ICE issued a waiver in March protecting international college students from deportation should they be forced to enroll in online-only classes because of the coronavirus pandemic. That waiver was supposed to last for the duration of the public health crisis but was abruptly rescinded last week even as the number of coronavirus cases is surging across much of the country. Students pursuing academic coursework on F-1 visas are normally limited in the amount of online coursework they can take, while students pursuing vocational degrees on M-1 visas aren’t permitted to enroll in any online courses, according to ICE.
“President Trump’s reversal in policy not only threatens these innocent students’ educational path but our state’s hard-hit economy and the public health of millions of New Yorkers,” James said, “not to mention the intellectual capacity of all of these young students.”
Hosting more than 120,000 international students annually, New York State is home to the second-largest number of foreign degree-seekers in the U.S. after California. New York City is the most popular destination for international students, but several higher education leaders warned that the rule change would have also had a major impact across upstate and Western New York.
“Cornell, Syracuse University, The University of Rochester [and] Rochester Institute of Technology attract an enormous number of international students who contribute immediately to the fabric of those schools and to the local economies,” said President of the Commission on Independent Colleges & Universities in New York Mary Beth Labate. “Colleges should not be backed into a corner and forced to change their reopening plans based on the political whims of the Trump administration.”
State University of New York (SUNY) Provost and Senior Vice Chancellor Tod Laursen also said he worried about a greater risk of exposure to the novel coronavirus across the SUNY system should schools be forced to offer more in-person instruction this fall. In Western New York, both the University at Buffalo and SUNY Buffalo State have announced hybrid in-person and remote instruction models for the fall semester, which would have complicated international students’ ability to continue their studies under the proposed restrictions.
Foreign students are also a major economic boon for the country and state. Laursen said international SUNY students pay more than $700 million in tuition and fees each year, plus millions more in housing and other costs. SUNY also employs more than 3,000 international students as research and teaching assistants.
“The impact of this economically and on the academic mission is huge for the State of New York and for SUNY,” Laursen said.

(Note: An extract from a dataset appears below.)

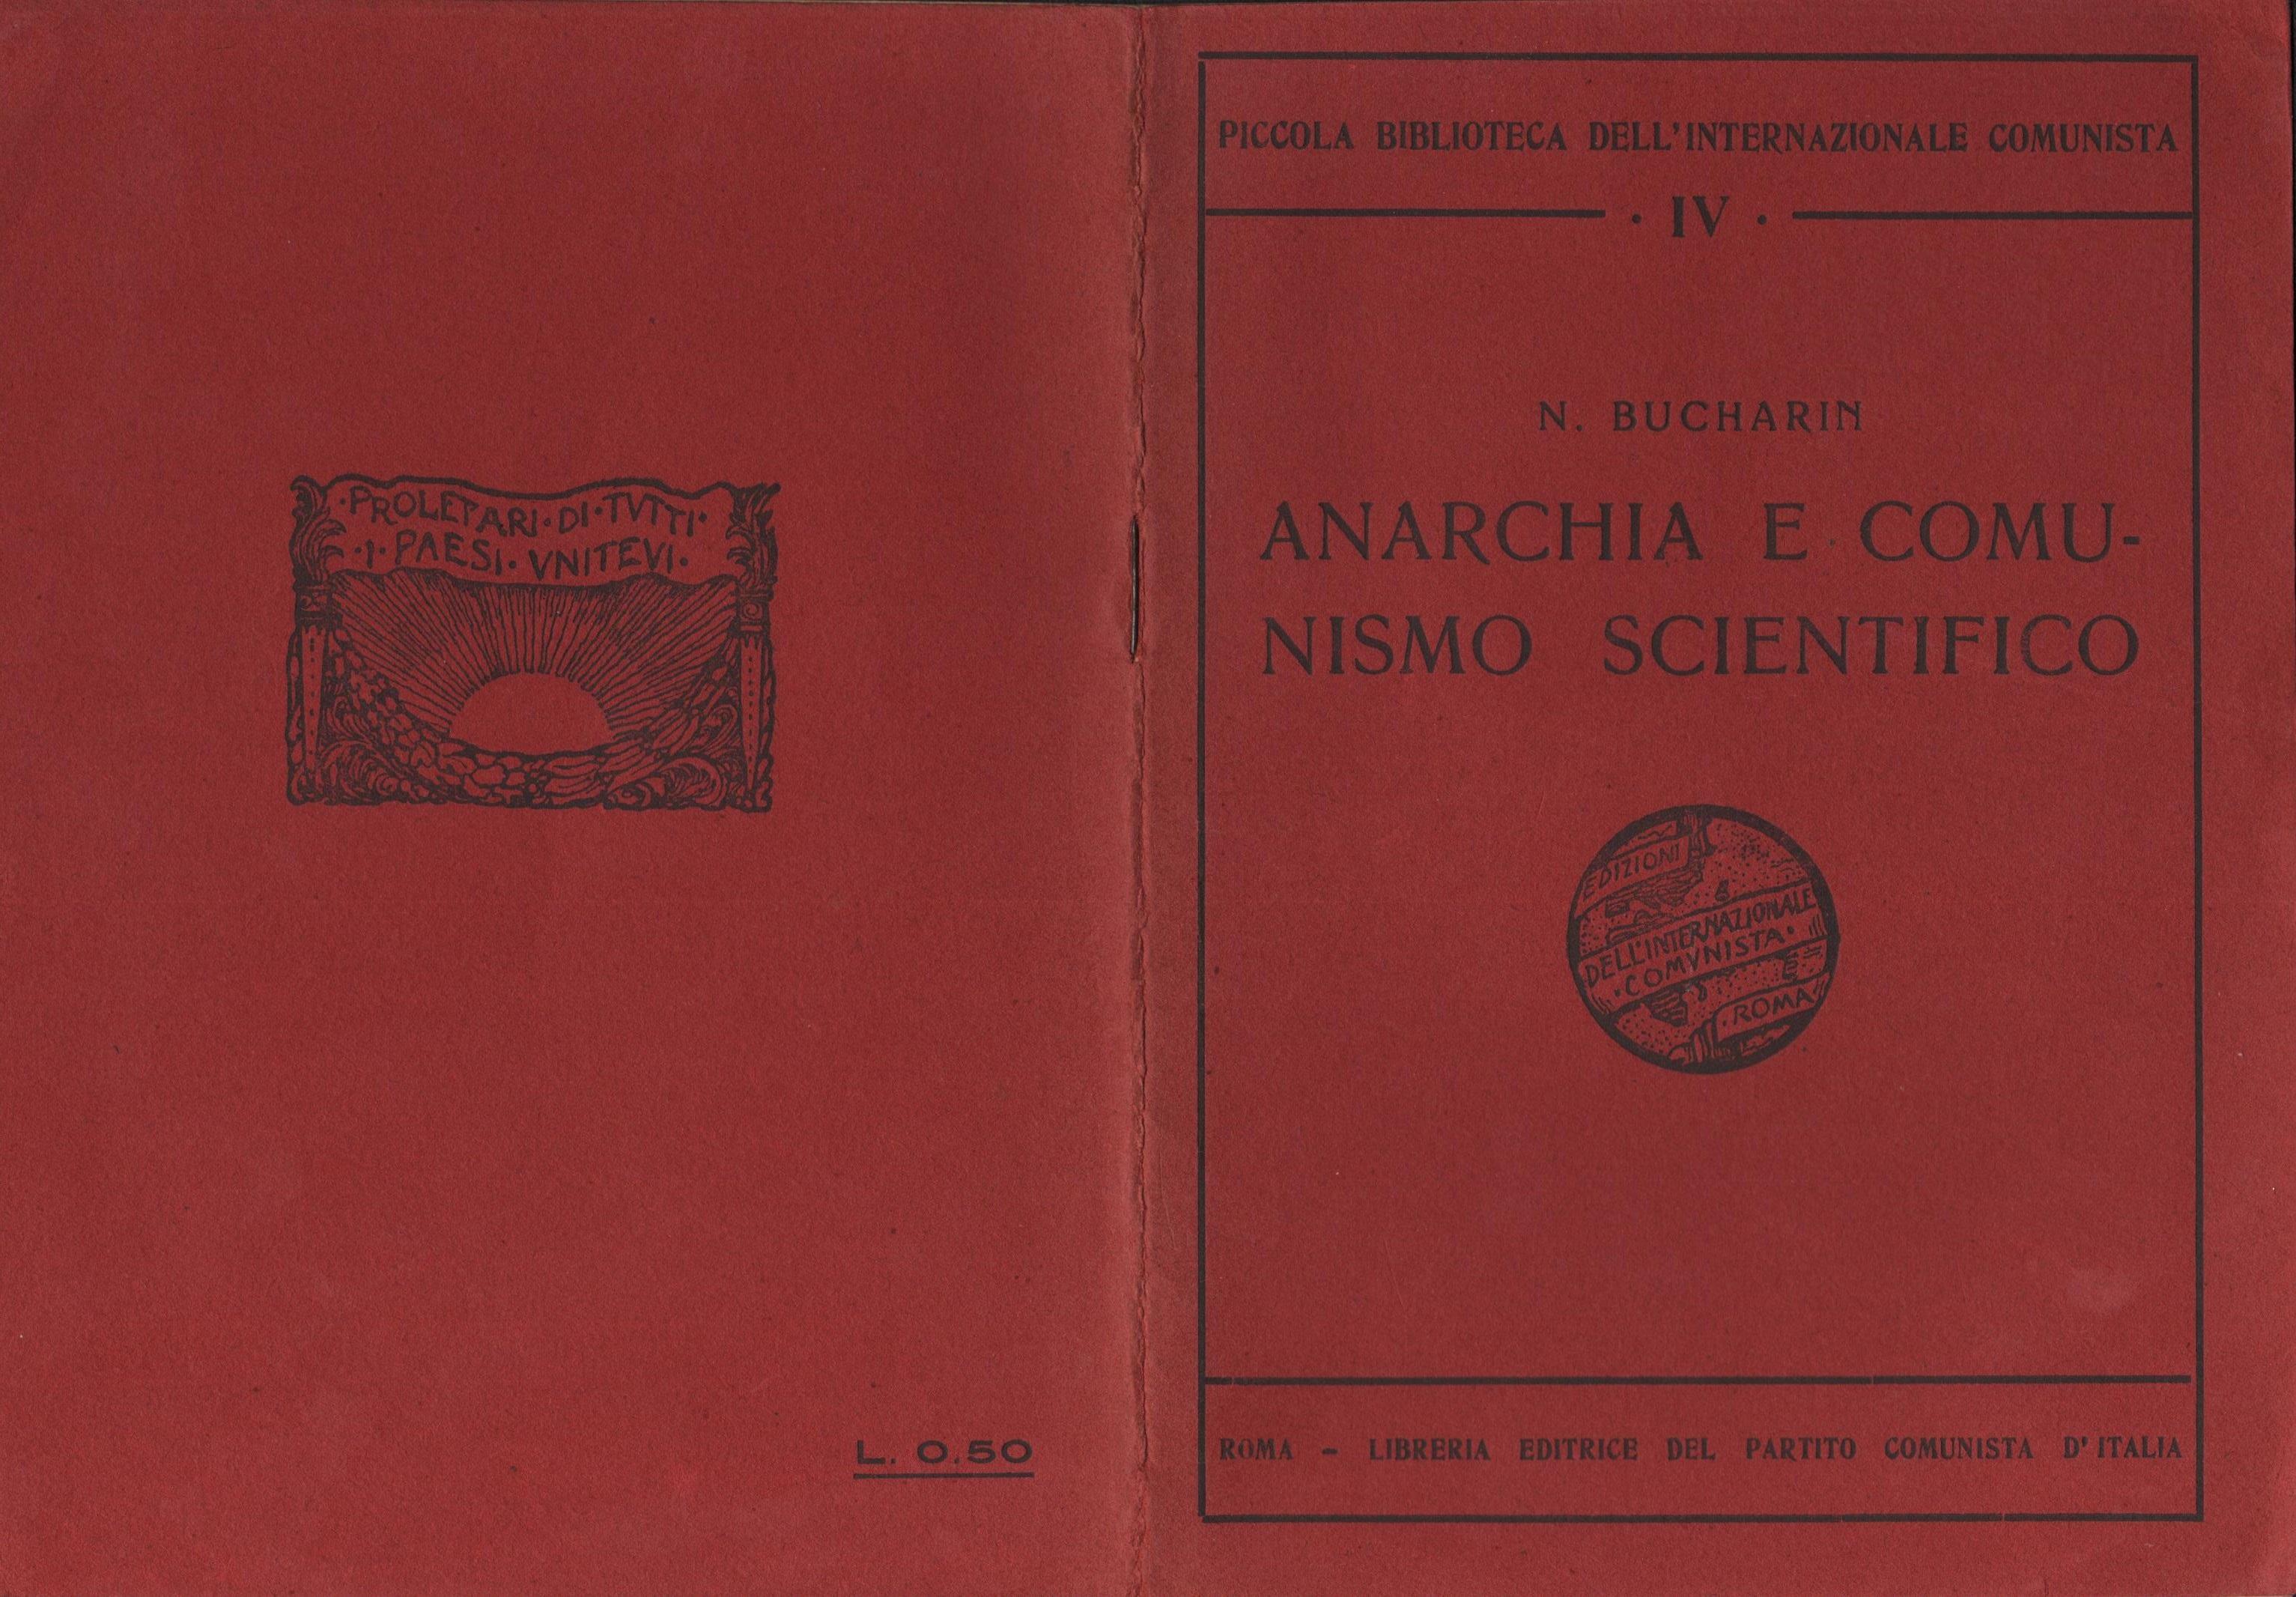 Anarchia e comunismo scientifico - Pag. 1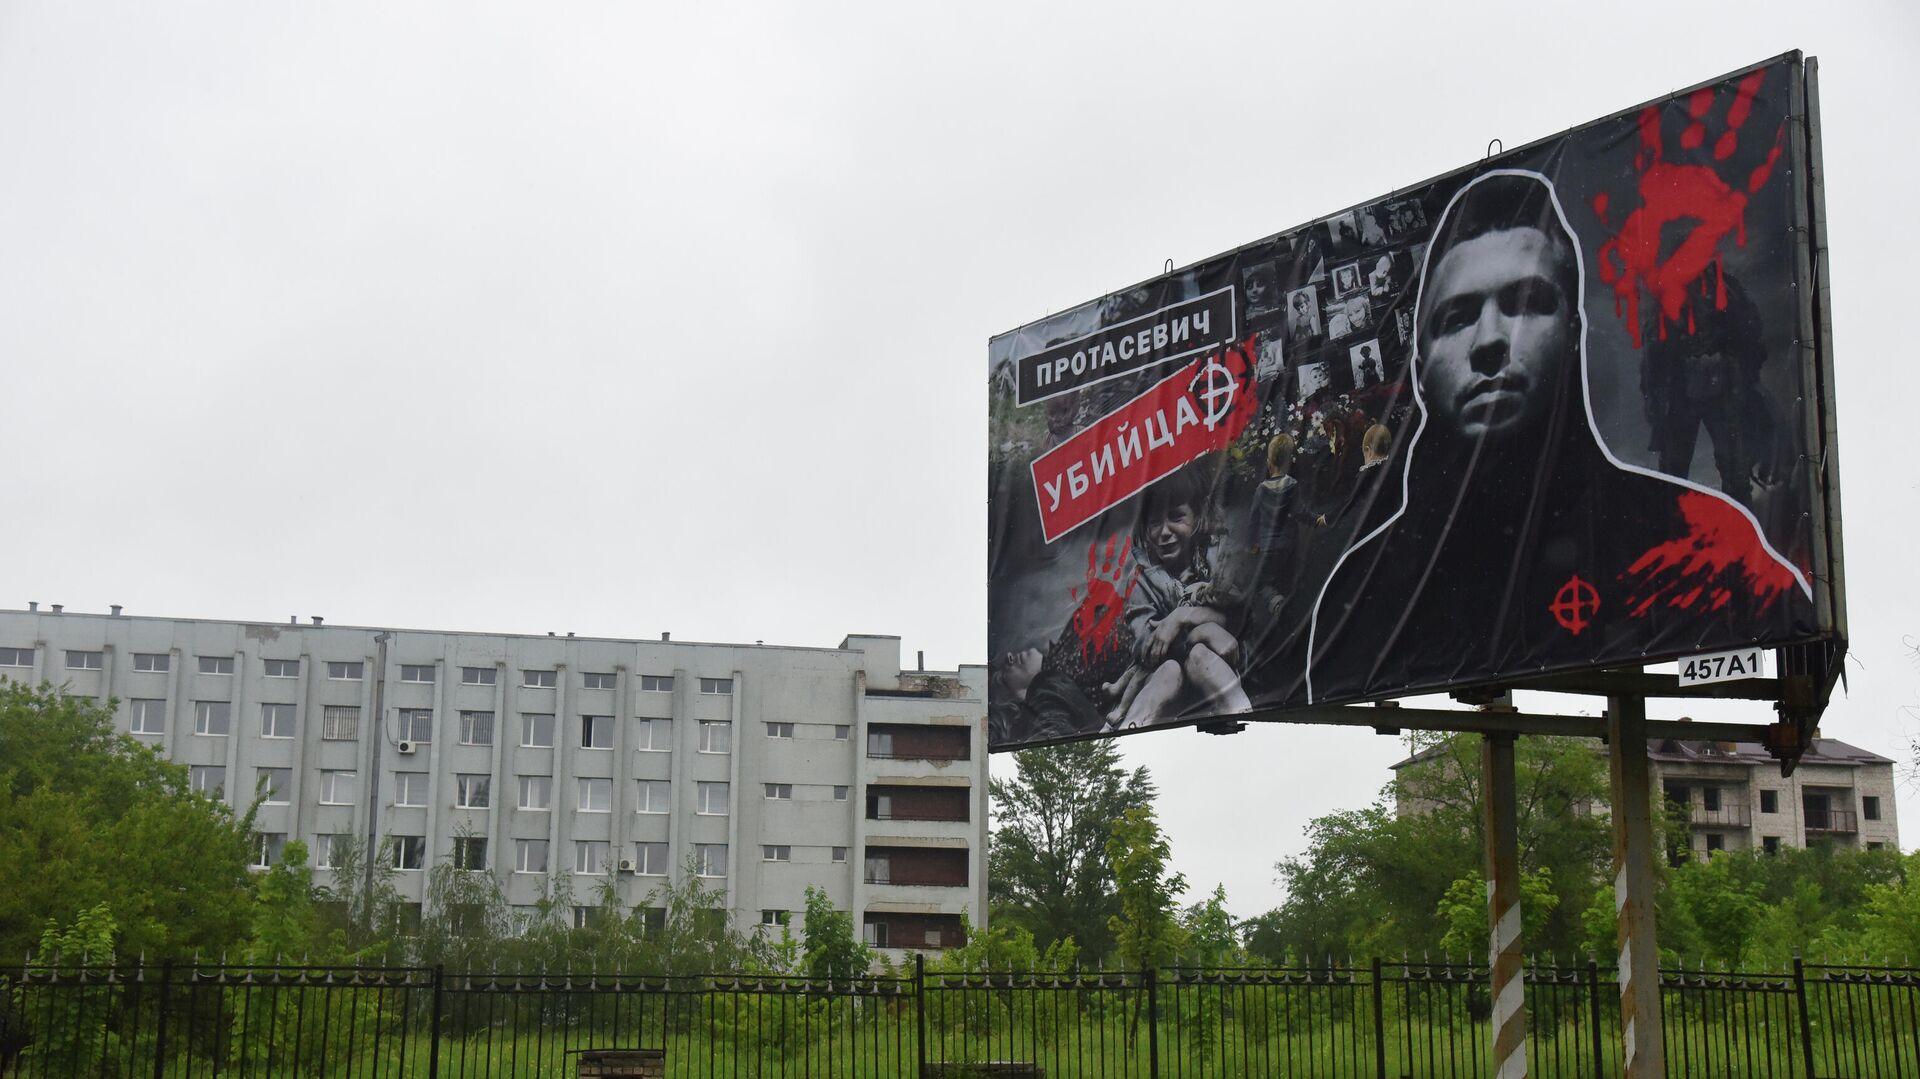 В ЛНР появились явились билборды с изображением Протасевича - РИА Новости, 1920, 16.06.2021

Nationwide, international students contributed $45 billion to the U.S. economy in 2018, according to the U.S. Department of Commerce. More than 1 million international students study in the U.S. each year, making up 5.5% of all degree-seekers in the U.S. and 10% in New York State, according to the Institute of International Education (IIE).
More than half of all international students studying in the U.S. during the 2018-2019 academic year came from China (34%) and India (18%), according to IIE. South Korea, Saudi Arabia and Canada rounded out the top five origin countries.
ICE agreed Tuesday to revert back to its March guidance that allows students taking online classes to remain in the U.S. on F-1 visas for the duration of the coronavirus pandemic, according to The Harvard Crimson newspaper and federal judge Allison D. Burroughs in Boston.